Class CSMOTE

  • All Implemented Interfaces:
    Configurable, Serializable, CapabilitiesHandler, Classifier, MultiClassClassifier, AWTRenderable, Learner<Example<Instance>>, MOAObject, OptionHandler

    public class CSMOTE
    extends AbstractClassifier
    implements MultiClassClassifier
    CSMOTE

    This strategy save all the minority samples in a window managed by ADWIN. In the meantime, a model is trained with the data in input. When the minority sample ratio is less than a certain threshold, an online SMOTE version is applied. A random minority sample is chosen from the window and a new synthetic sample is generated until the minority sample ratio is greater or equal than the threshold. The model is then trained with the new samples generated.

    See details in:
    Alessio Bernardo, Heitor Murilo Gomes, Jacob Montiel, Bernhard Pfharinger, Albert Bifet, Emanuele Della Valle. C-SMOTE: Continuous Synthetic Minority Oversampling for Evolving Data Streams. In BigData, IEEE, 2020.

    Parameters:

    • -l : Classifier to train. Default is ARF
    • -k : Number of neighbors for SMOTE. Default is 5
    • -t : Threshold for the minority samples. Default is 0.5
    • -m : Minimum number of samples in the minority class for applying SMOTE. Default is 100
    • -d : Should use ADWIN as drift detector? If enabled it is used by the method to track the performance of the classifiers and adapt when a drift is detected.
    Version:
    $Revision: 1 $
    Author:
    Alessio Bernardo (alessio dot bernardo at polimi dot com)
    See Also:
    Serialized Form
    • Field Detail

      • baseLearnerOption

        public ClassOption baseLearnerOption
      • neighborsOption

        public IntOption neighborsOption
      • minSizeAllowedOption

        public IntOption minSizeAllowedOption
      • disableDriftDetectionOption

        public FlagOption disableDriftDetectionOption
      • neighbors

        protected int neighbors
      • threshold

        protected double threshold
      • minSizeAllowed

        protected int minSizeAllowed
      • driftDetection

        protected boolean driftDetection
      • adwin

        protected ADWIN adwin
      • adwinDriftDetector

        protected ADWIN adwinDriftDetector
      • nMinorityTotal

        protected int nMinorityTotal
      • nMajorityTotal

        protected int nMajorityTotal
      • nGeneratedMinorityTotal

        protected int nGeneratedMinorityTotal
      • nGeneratedMajorityTotal

        protected int nGeneratedMajorityTotal
      • indexValues

        protected int[] indexValues
    • Constructor Detail

      • CSMOTE

        public CSMOTE()
    • Method Detail

      • resetLearningImpl

        public void resetLearningImpl()
        Description copied from class: AbstractClassifier
        Resets this classifier. It must be similar to starting a new classifier from scratch.
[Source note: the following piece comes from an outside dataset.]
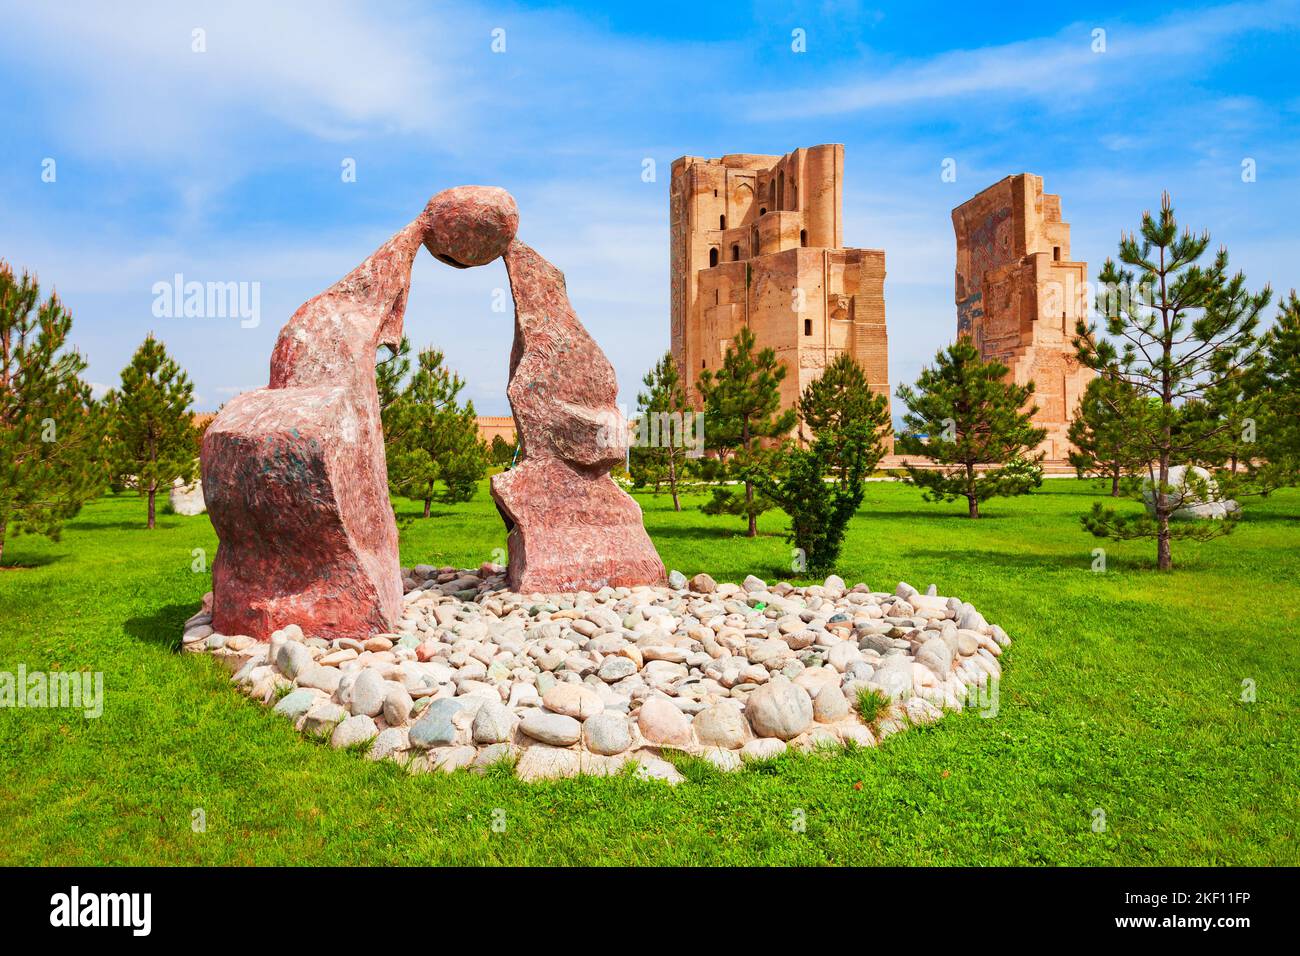 AK-Saray o Ak Saray Palace nella città di Shahrisabz in Uzbekistan Foto Stock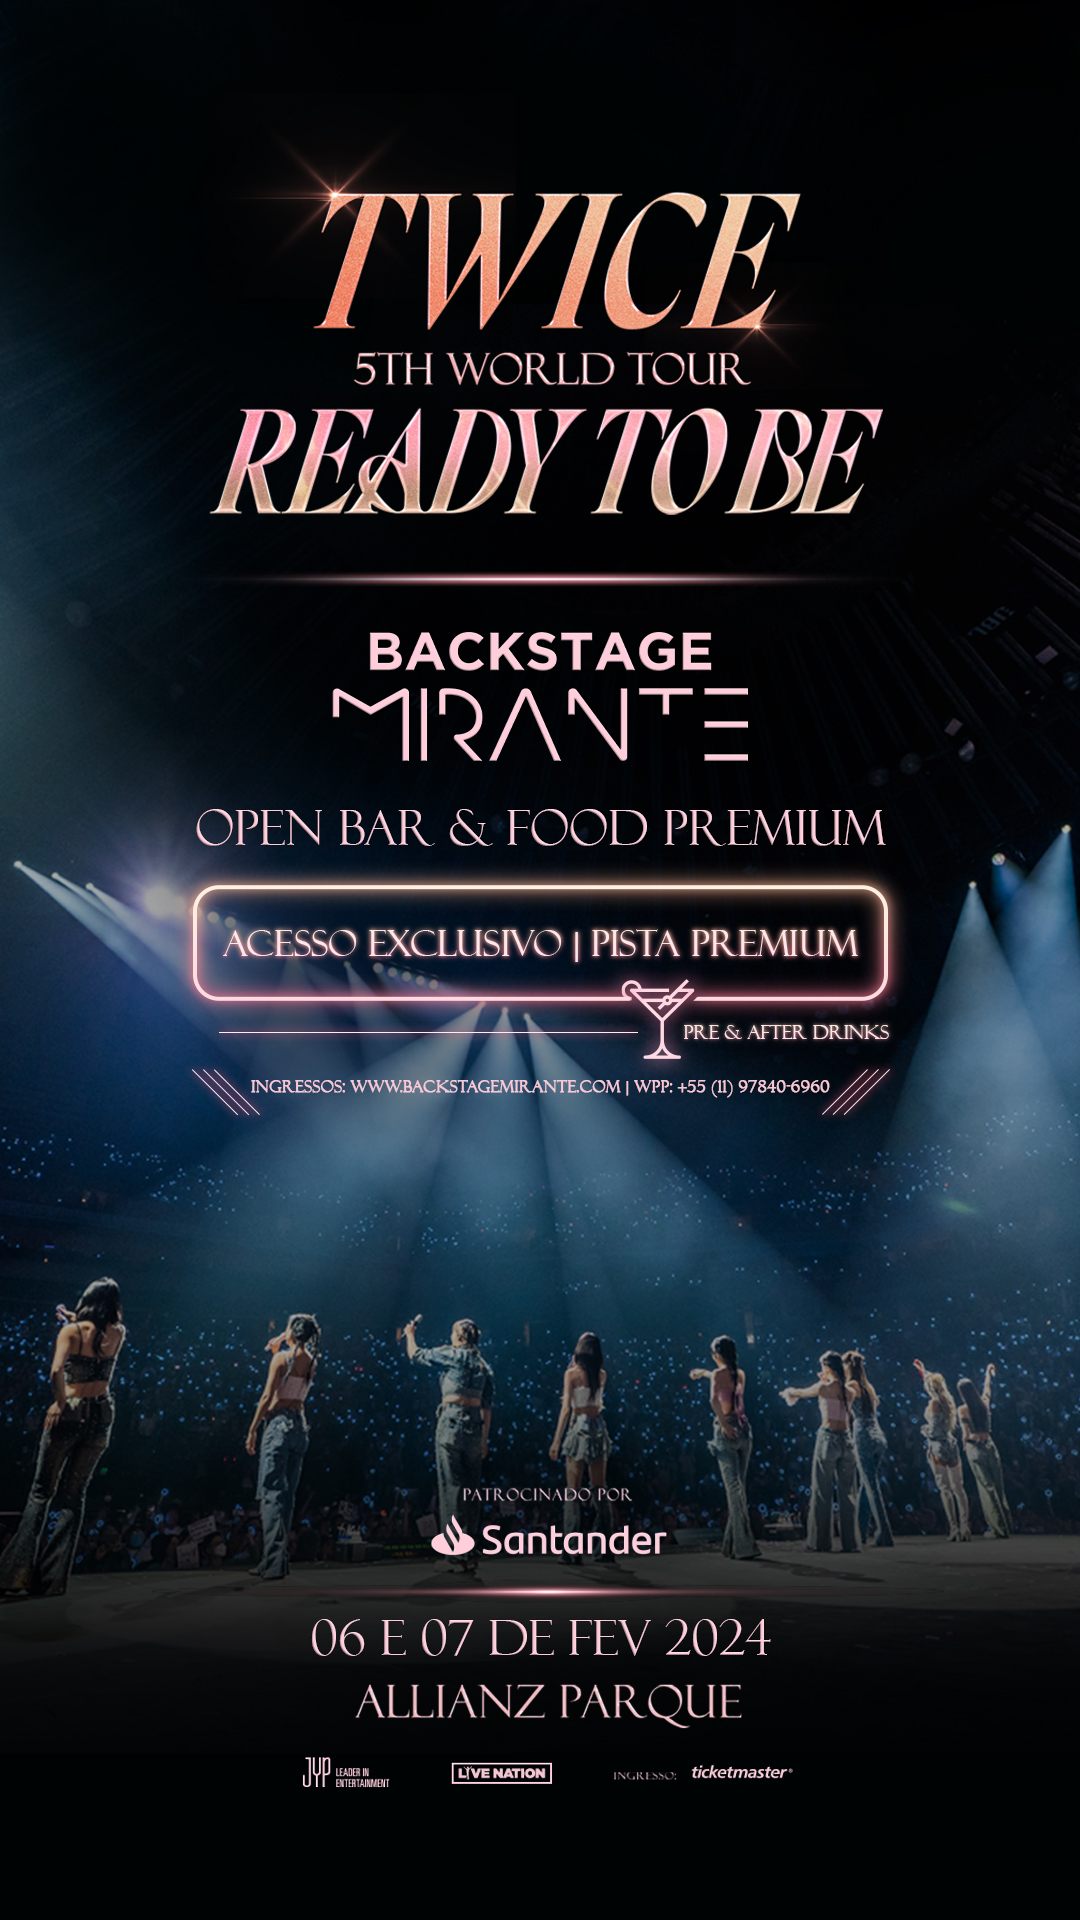 Twice Ready to be - Backstage Mirante - Allianz Parque

        The reason for ...Impl methods: ease programmer burden by not requiring them to remember calls to super in overridden methods. Note that this will produce compiler errors if not overridden.
        Specified by:
        resetLearningImpl in class AbstractClassifier
      • getVotesForInstance

        public double[] getVotesForInstance​(Instance instance)
        Description copied from interface: Classifier
        Predicts the class memberships for a given instance. If an instance is unclassified, the returned array elements must be all zero.
        Specified by:
        getVotesForInstance in interface Classifier
        Specified by:
        getVotesForInstance in class AbstractClassifier
        Parameters:
        instance - the instance to be classified
        Returns:
        an array containing the estimated membership probabilities of the test instance in each class
      • trainOnInstanceImpl

        public void trainOnInstanceImpl​(Instance instance)
        Description copied from class: AbstractClassifier
        Trains this classifier incrementally using the given instance.

        The reason for ...Impl methods: ease programmer burden by not requiring them to remember calls to super in overridden methods. Note that this will produce compiler errors if not overridden.
        Specified by:
        trainOnInstanceImpl in class AbstractClassifier
        Parameters:
        instance - the instance to be used for training
      • isRandomizable

        public boolean isRandomizable()
        Description copied from interface: Learner
        Gets whether this learner needs a random seed. Examples of methods that needs a random seed are bagging and boosting.
        Specified by:
        isRandomizable in interface Learner<Example<Instance>>
        Returns:
        true if the learner needs a random seed.
      • getModelDescription

        public void getModelDescription​(StringBuilder arg0,
                                        int arg1)
        Description copied from class: AbstractClassifier
        Returns a string representation of the model.
        Specified by:
        getModelDescription in class AbstractClassifier
        Parameters:
        arg0 - the stringbuilder to add the description
        arg1 - the number of characters to indent
      • getModelMeasurementsImpl

        protected Measurement[] getModelMeasurementsImpl()
        Description copied from class: AbstractClassifier
        Gets the current measurements of this classifier.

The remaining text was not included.